Objection: Potentiated means stronger!?!

Lesedauer / Reading Time: 4 min

Water lilies grow on a lake and their surface area increases tenfold every day. After nine days the lake is completely overgrown. How much of its surface is covered after eight days? (Solution at the end)

What does that have to do with homeopathy? Quite a lot. A central feature of homeopathic remedies is their potentiation, i.e. the multiple dilution of the initial substances. This is based on the pre-scientific idea that the more diluted a substance is, the stronger its effect. In each step, the original substance in which the selected material was dissolved is diluted with the solvent (distilled water or ethanol) in a prescribed procedure and shaken.

The abbreviation D (Latin decem = ten) for homeopathic remedies refers to the tenfold dilution at each step, the abbreviation C (Latin centum = hundred) to the hundredfold. The number behind D or C indicates the number of dilution steps. D6 – a frequently used “potency” – therefore means one part of original substance per one million parts of solvent.

If we transfer this to the volume of liquids, we get a ratio of one millilitre – which is roughly the amount that runs back into an emptied water glass – to 1,000 litres, which corresponds to about seven full bathtubs. This means that the solution still contains detectable amounts of the original substance.
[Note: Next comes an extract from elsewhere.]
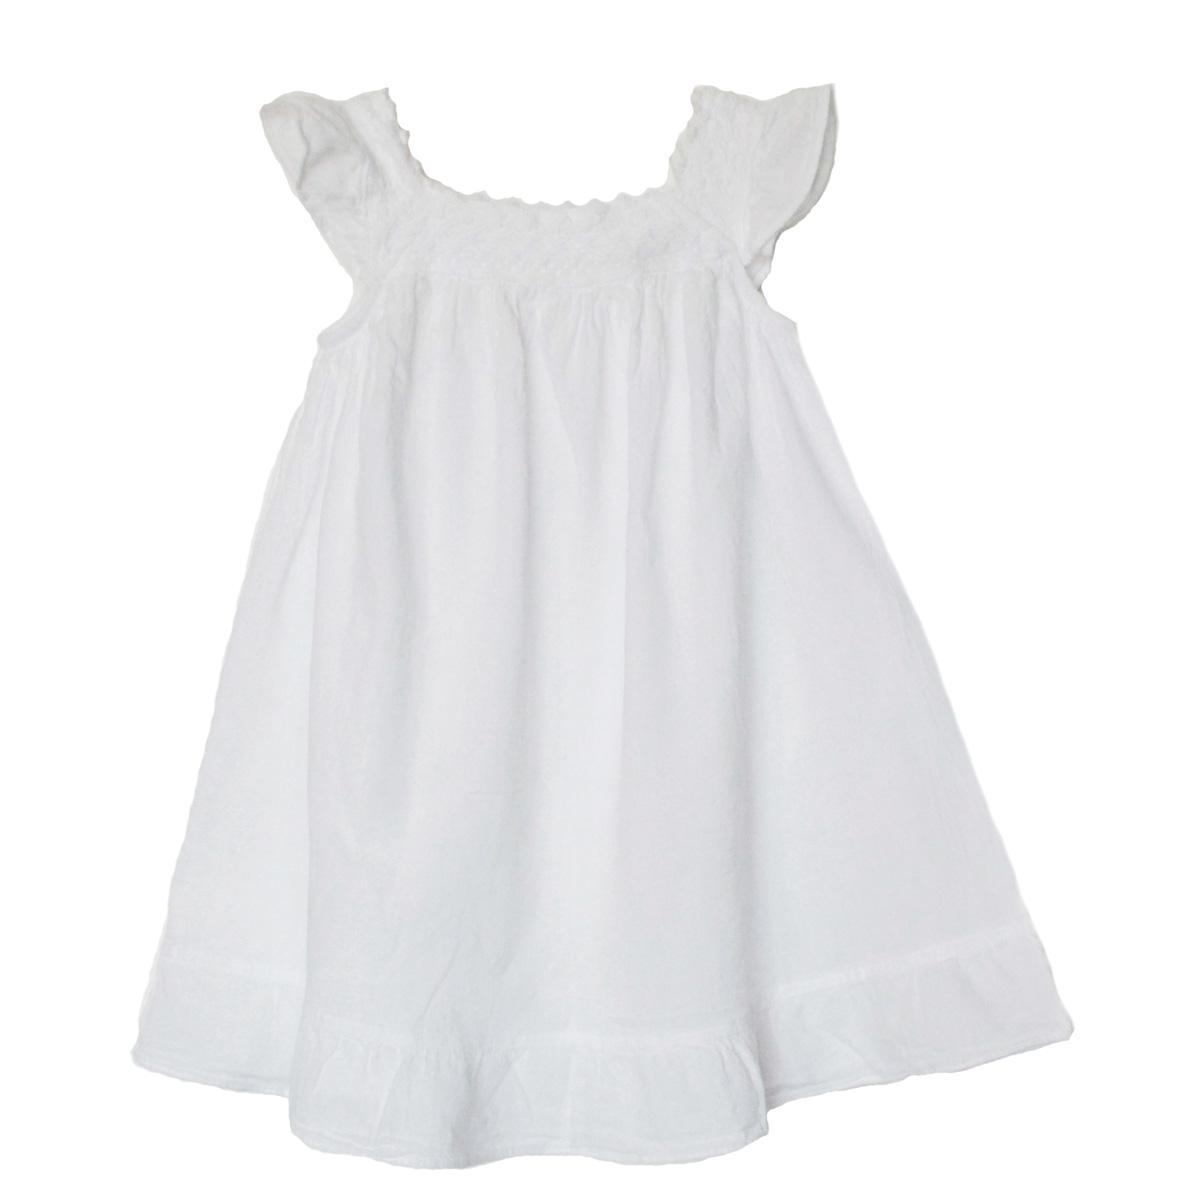 Inka-Products-Robe Fille Épaules Dénudées-En Coton Broderie Péruvienne-2

Whether these are physiologically effective, however, can rightly be doubted. D12 is now not a double dilution like D6 – and certainly not the double effectiveness -, but the one million higher dilution. Even with small differences in the numbers it is often forgotten that about D7 represents ten times the dilution of D6, D8 one hundred times.

If we now want to produce a product with the potency D12, we take a drop from one of our seven bathtubs with D6 and distribute it evenly over a further seven bathtubs with water. If this liquid is not marketed as a drop – which use alcohol as a solvent and are diluted with water again before ingestion – we then spray it with a factor of 1 to 100 (0.1 gram solution on 10 grams of globules) onto sugar globules and let them dry. Our homeopathic remedy D12 would then be ready for sale.

The problem with the term “potentiation” is that “potency” has a different meaning in colloquial language as in science than in homeopathy, namely from the Latin word potentia “power, strength, ability”. In pharmacology, for example, the potency of a substance describes its potency, substances with higher potency work in lower concentrations than those with lower potency. In homeopathy, the meaning is exactly the opposite; the higher the potency, the less the initial substance is contained – not a single molecule at D23 at the latest.

For D23, by the way, you would need a quantity of water to dilute one gram of basic substance, which corresponds to the content of the Pacific and Indian Oceans together. In practice, however, nine tenths of the solution are simply poured away before each dilution step.

Potentiation therefore does not mean that the agents with a higher dilution are more effective, more “potent”, but that, on the contrary, they contain a factor of ten (or even one hundred) less active substance from step to step and therefore, according to all scientific criteria, cannot have a pharmacological effect. (And why there is no “energy” during potentiation, read here.)

Exponential growth or exponential atrophy are processes that are difficult to grasp intuitively. We can hardly imagine doubling (2n …) or tenfold (10n …) at each individual step, or an exponential decrease as in homeopathic dilution (10n …), after each step only one tenth of the initial substance is left). We are practically always wrong about such nonlinear developments if we have to estimate the results after only a few steps. In everyday life we encounter these developments, for example, in compound interest: we always underestimate the development of a credit that bears interest annually, including the interest accrued to date, over a longer period of time: At an interest rate of 5 % in 50 years, € 1,000 will become € 11467.40. If we were to consider only the annual interest rate of € 50 without the compound interest effect, it would only be € 3,500.

Exponential is therefore a function in which there is a percentage change in each step compared with the previous position. Each change affects the following.

For example, it only takes nine days to decimate one billion euros to one euro if your assets are only one tenth of the value of the previous day every day. Such a loss in value occurs in hyperinflation, where money has less purchasing power every day.

It is just as difficult for people to imagine very large or very small numbers and quantities. For example, people like to confuse millions and billions, the latter being a thousand times larger. Example: It takes almost three years to accumulate one billion euros if you get one million euros every day. For a trillion (10 to the power of 12) one would have to multiply the period by 1,000. 3,000 years ago the biblical King David lived, so you would have to have received one million euros a day since his birth. Even larger or smaller numbers can practically no longer be grasped intuitively, also because they do not occur in our everyday perception.


P.S.: The answer to the question at the beginning is: On the eighth day, one tenth of the water surface is covered with water lilies, on the seventh with one percent.